The representative of this view ... Marx (if he really said so). So 1+ 1 = 2, because one apple and the other apple are two apples, which is the experience and law summarized from practice.
A more reliable idea is:
Mathematics is an immaterial and eternal objective existence and a natural law waiting to be discovered.
The questioner and most people have this idea. Many mathematicians, including some masters, also have this idea. So Pythagorean theorem is not only useful for surveying land, but also a universal law of right triangle, which is an object in nature.
There are other mathematicians, and many people who study computers think:
Mathematics is a part of logic and an axiomatic system.
This view is still very popular in practice, and it is really powerful. But many of these paradoxes can't stand the scrutiny of the following literary mathematics. In this view, the sum of numbers is axiomatic.
Literary mathematics
Corresponding to formalism on Wikipedia. Many mathematicians, many philosophers and myself hold this view.
Formalism holds that a mathematical system is a thinking the game with certain rules, which has nothing to do with the real world.
Different from previous views, this view is unprecedented abstract and open. We began to invent all kinds of abnormal rules and play all kinds of strange and inhuman games.

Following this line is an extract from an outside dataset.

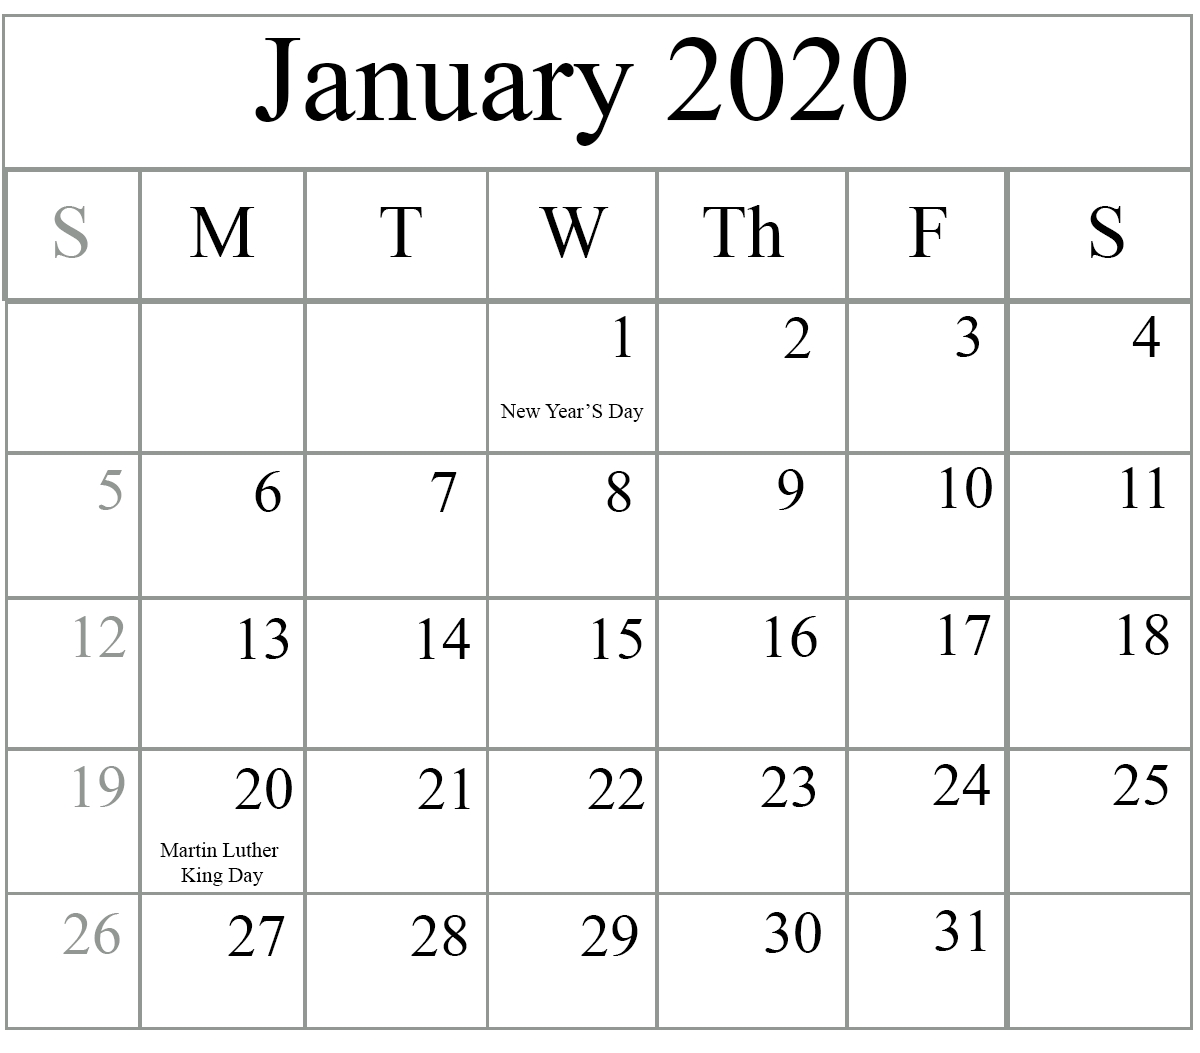 Free 2020 Calendar Template Word - Colona.rsd7 Microsoft Word Printable Calendar 2020

In this view, Pythagoras theorem is correct under Euclid's geometric rules, but we can invent other non-Euclid geometry to make it incorrect; Number is an element in algebraic structure, and operation is the rule of the game.
This view has brought unprecedented development to mathematics, and also led to a serious disconnect between pure mathematics and reality. Whether it is useful or not is also worth studying for formalists. Although it is not directly applied to reality, if other disciplines actively digest it, they can still find a good home.
Congenital mathematics
What I want to mention is intuition. Many cognitive scientists and neuroscientists may hold this view. ...
Intuition says that mathematics is a human brain activity and mathematics is experienced.
Mathematical objects exist because you can build them in your brain. So some radical people will deny the existence of the concept of infinity. One of my cognitive teachers told us that mathematicians often feel inspired, but in fact they are just ideas gained from experience after learning a lot, and there is no free idea.
Actually, I think there is some truth in their views, but ... for example, Sheldon said she had great ideas, and Amy said she studied how these ideas came from.